Hoffentlich steigt die Qualität....der Schauspieler,script und von einfach allem


----------



## Rizzard (30. März 2021)

Also ich war von Staffel 1 leider auch etwas enttäuscht. Ich hoffe somit auch das die zweite Staffel da besser wird.


----------



## dailydoseofgaming (30. März 2021)

Ich hoffe sie entfernen sich nicht noch weiter von der Buchvorlage. Staffel 1 war da aus meiner Sicht schon an vielen Stellen grenzwertig.

Aber die Tatsache, dass die Wild Hunt anscheinend schon in Staffel 2 auftaucht, macht mir da keine große Hoffnung. In den Büchern spielen die eig. erst in den letzten beiden Bänden eine Rolle. Und rein inhaltlich müsste Staffel 2 eig. Teile der Kurzgeschichten sowie den 1. Hauptband umfassen. Aber Netflix hat das ja schon bei Staffel 1 nicht interessiert und sie sind komplett durch die Zeitlinie gesprungen.
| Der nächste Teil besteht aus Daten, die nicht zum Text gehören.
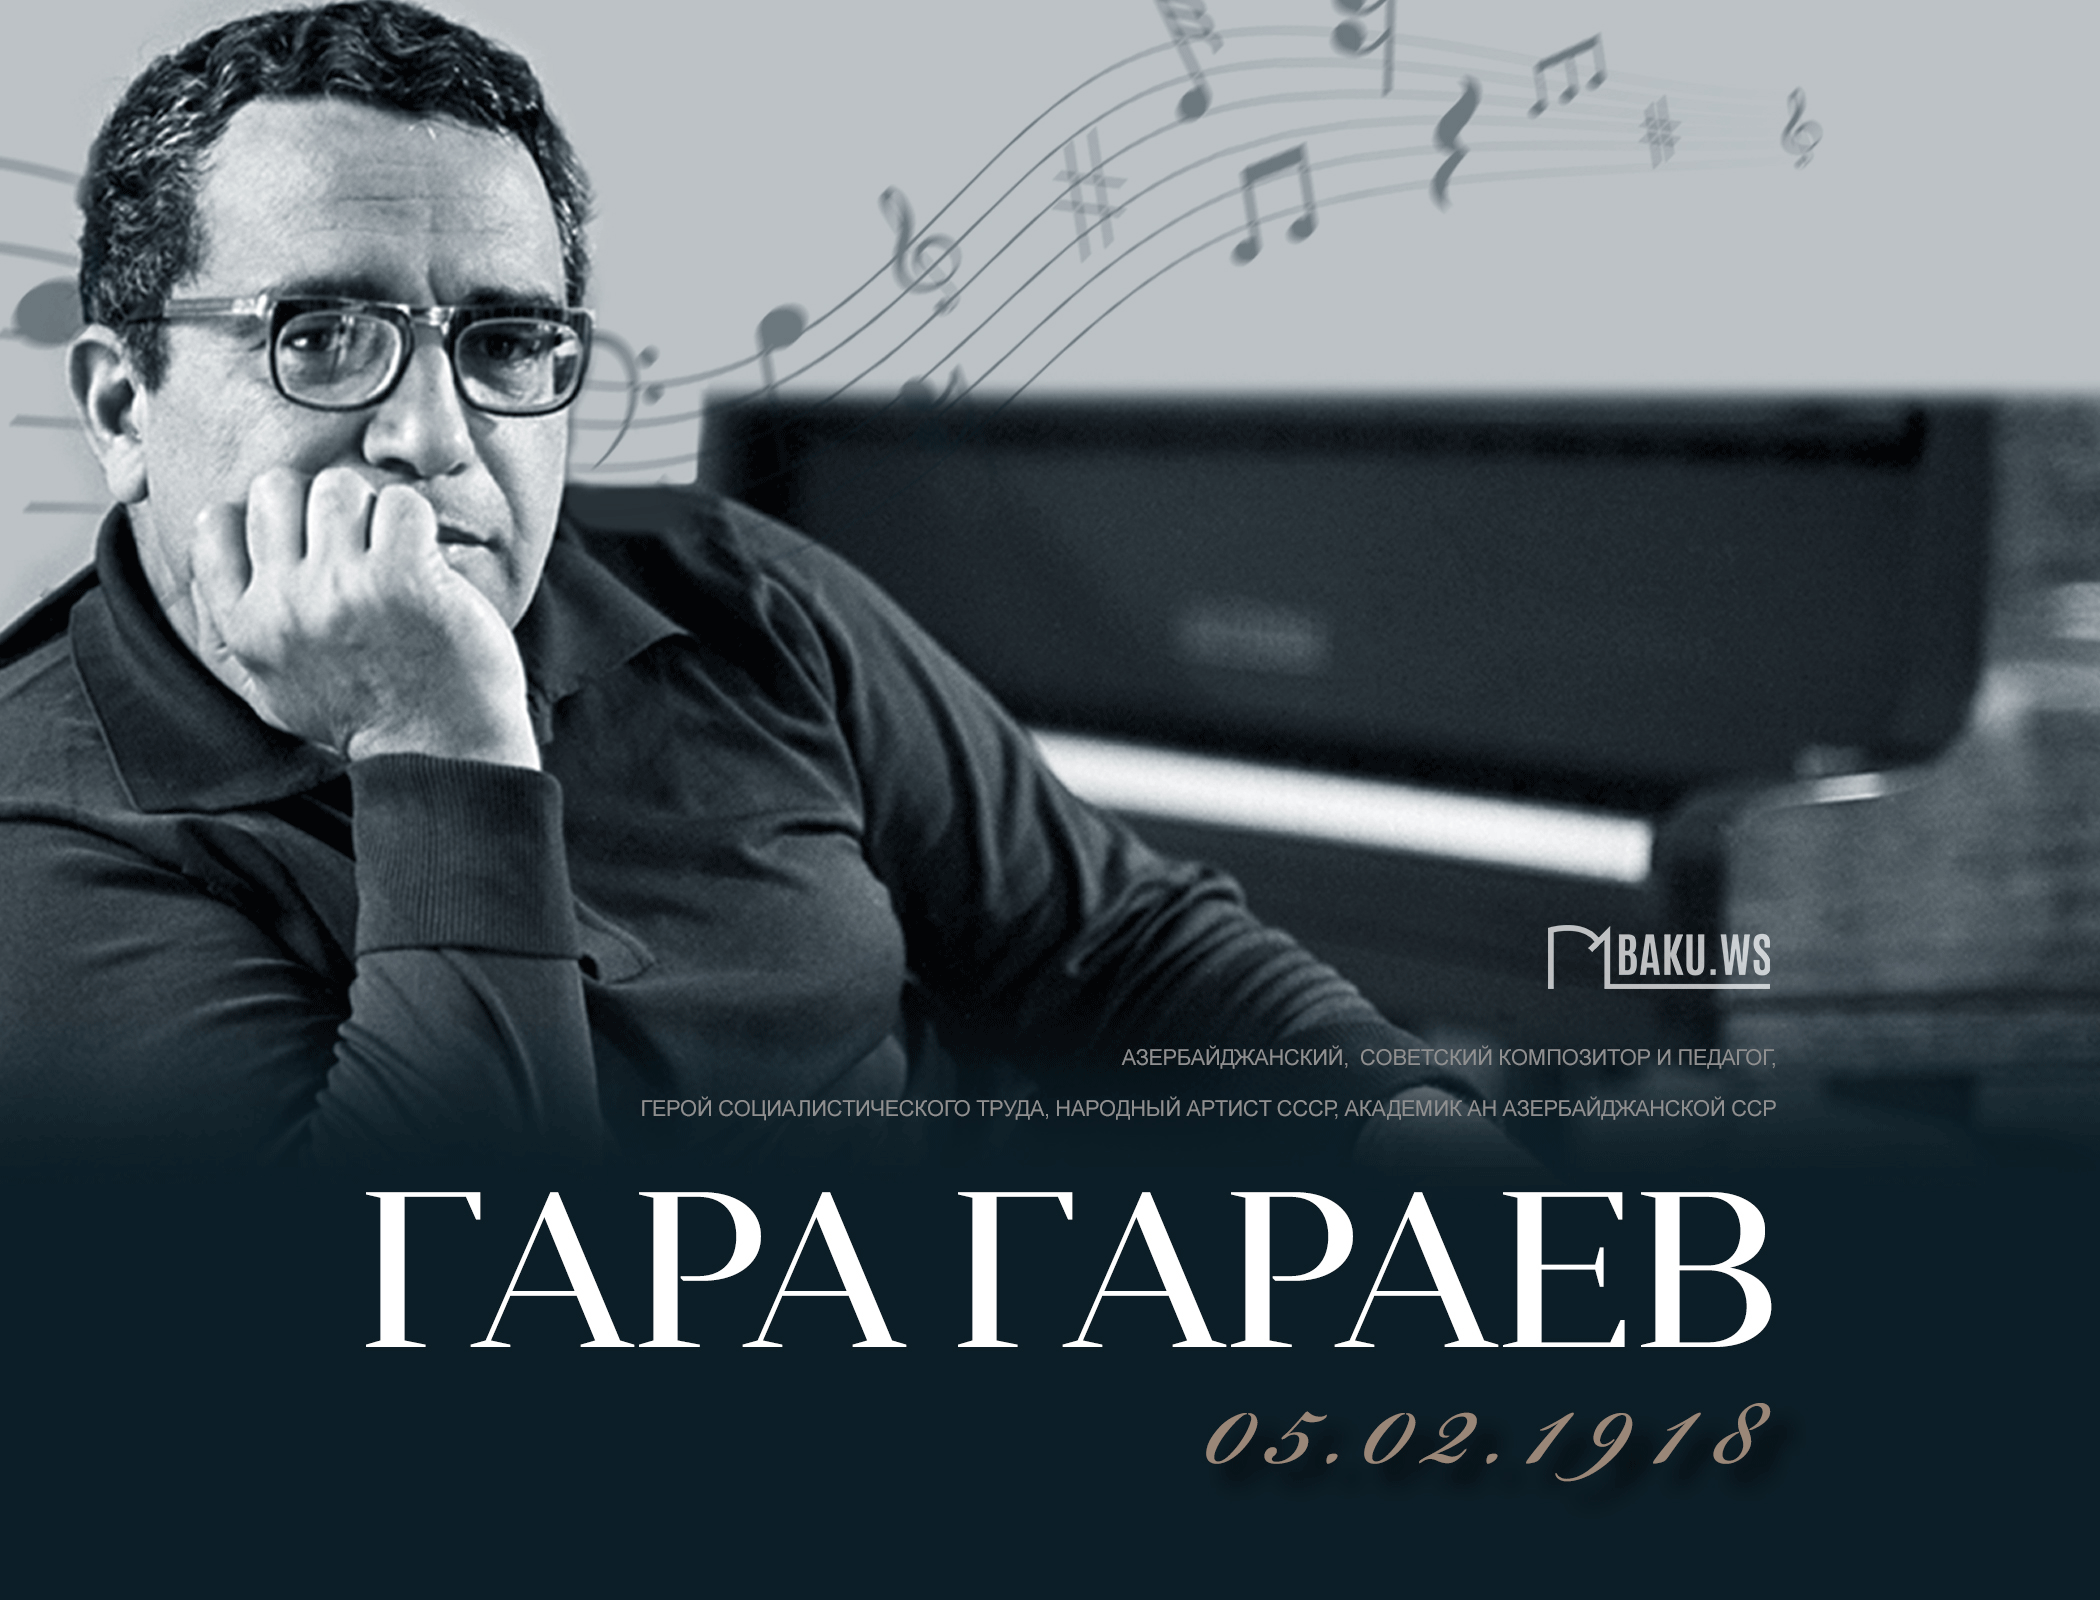 Исполняется 106 лет со дня рождения выдающегося азербайджанского композитора Гара Гараева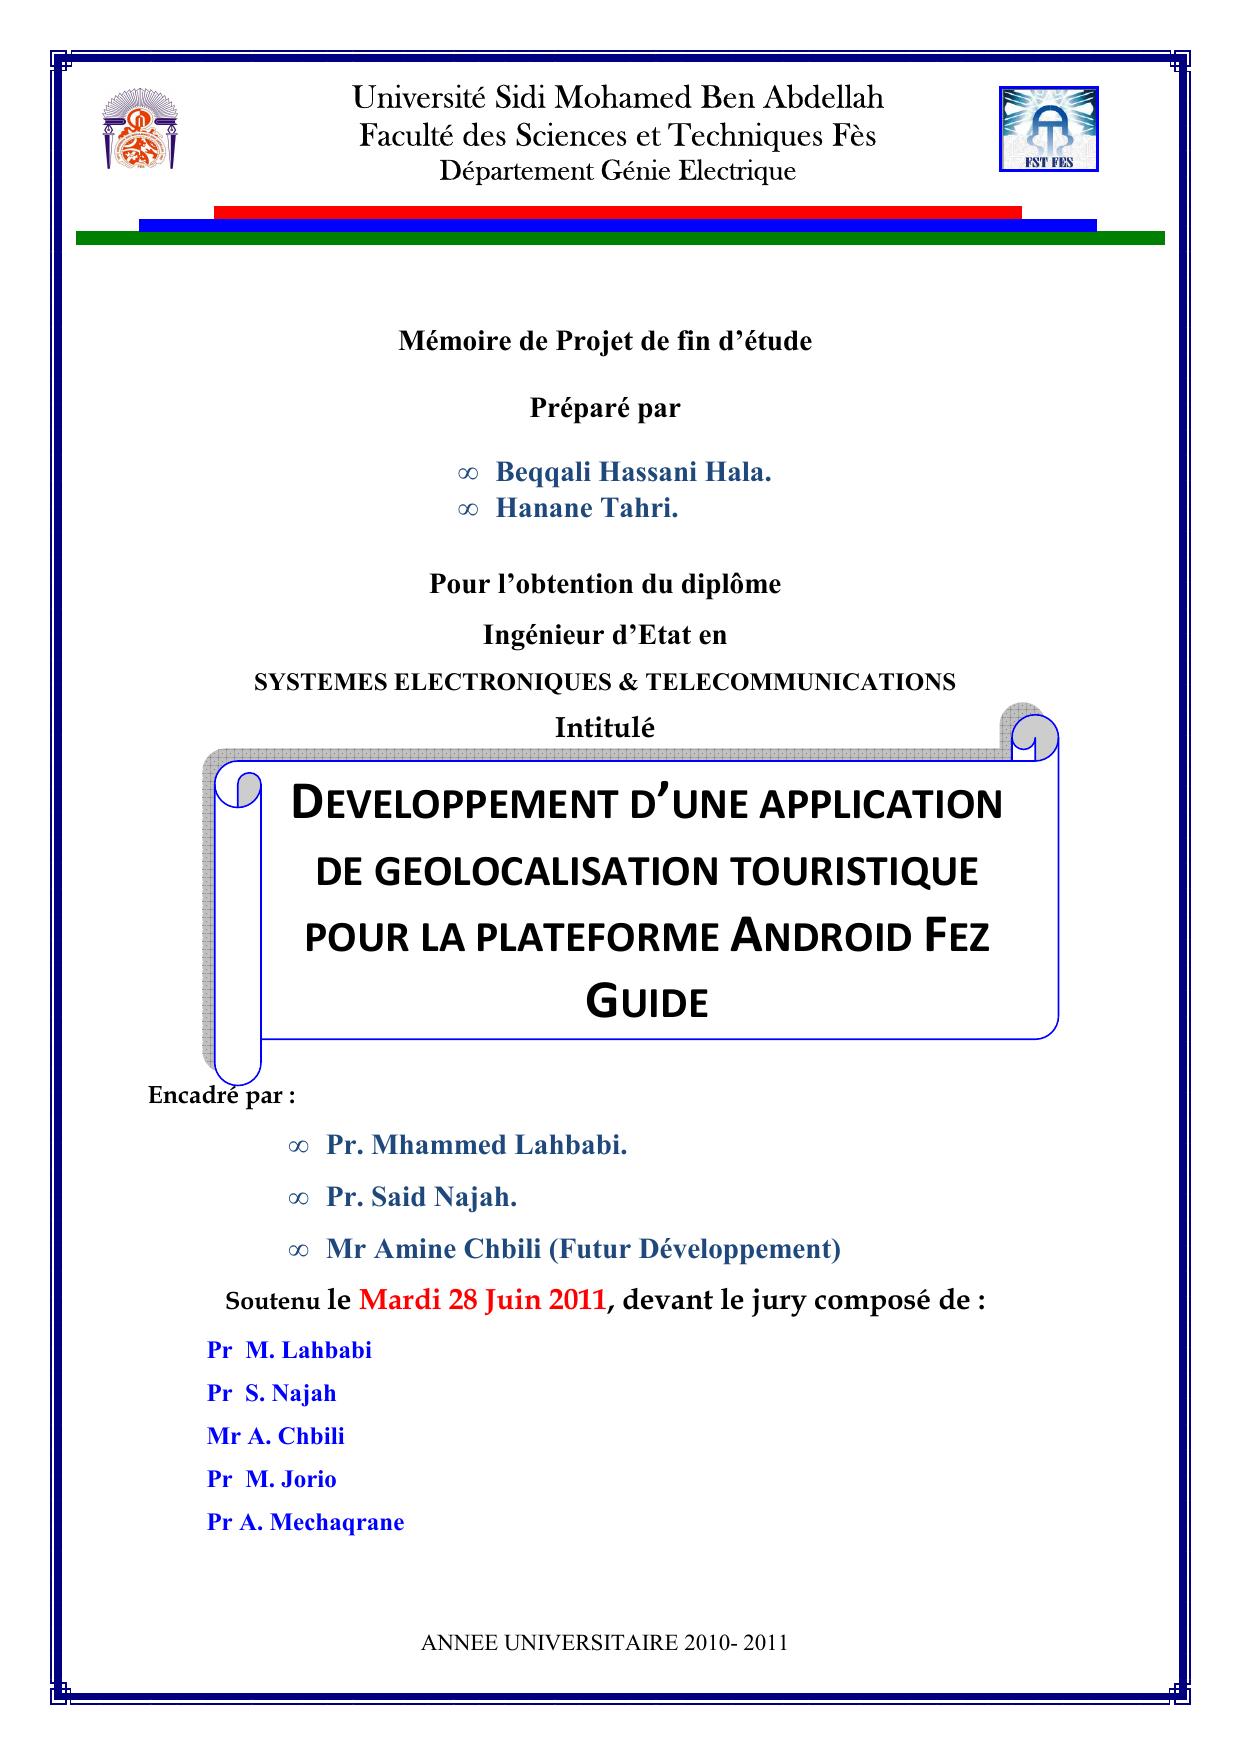 DEVELOPPEMENT D’UNE APPLICATION DE GEOLOCALISATION TOURISTIQUE POUR LA PLATEFORME ANDROID FEZ GUIDE

Ich traue Netflix die Geschichte einfach nicht zu. Die sind zu Mainstream geworden. Rein vom Inhalt her, bräuchten die Bücher eig. eine Verfilmung ala GoT (zumindest die ersten Staffeln). Stark Story- und Dialoggetrieben, düsteres Setting, relativ hohe Brutalität, viele Charaktere und viel Charakterentwicklung.
HBO würde ich sowas zutrauen, aber Netflix leider nicht.


----------



## Andrej (30. März 2021)

Mal gucken was sie aus dem Hexer machen in Zuckunft! Vielleicht wird es Gerald in der 2 Staffel auch kaum noch geben und wir werden mit der ganzen Frauenpower konfrontiert die es in den Büchern gibt.


----------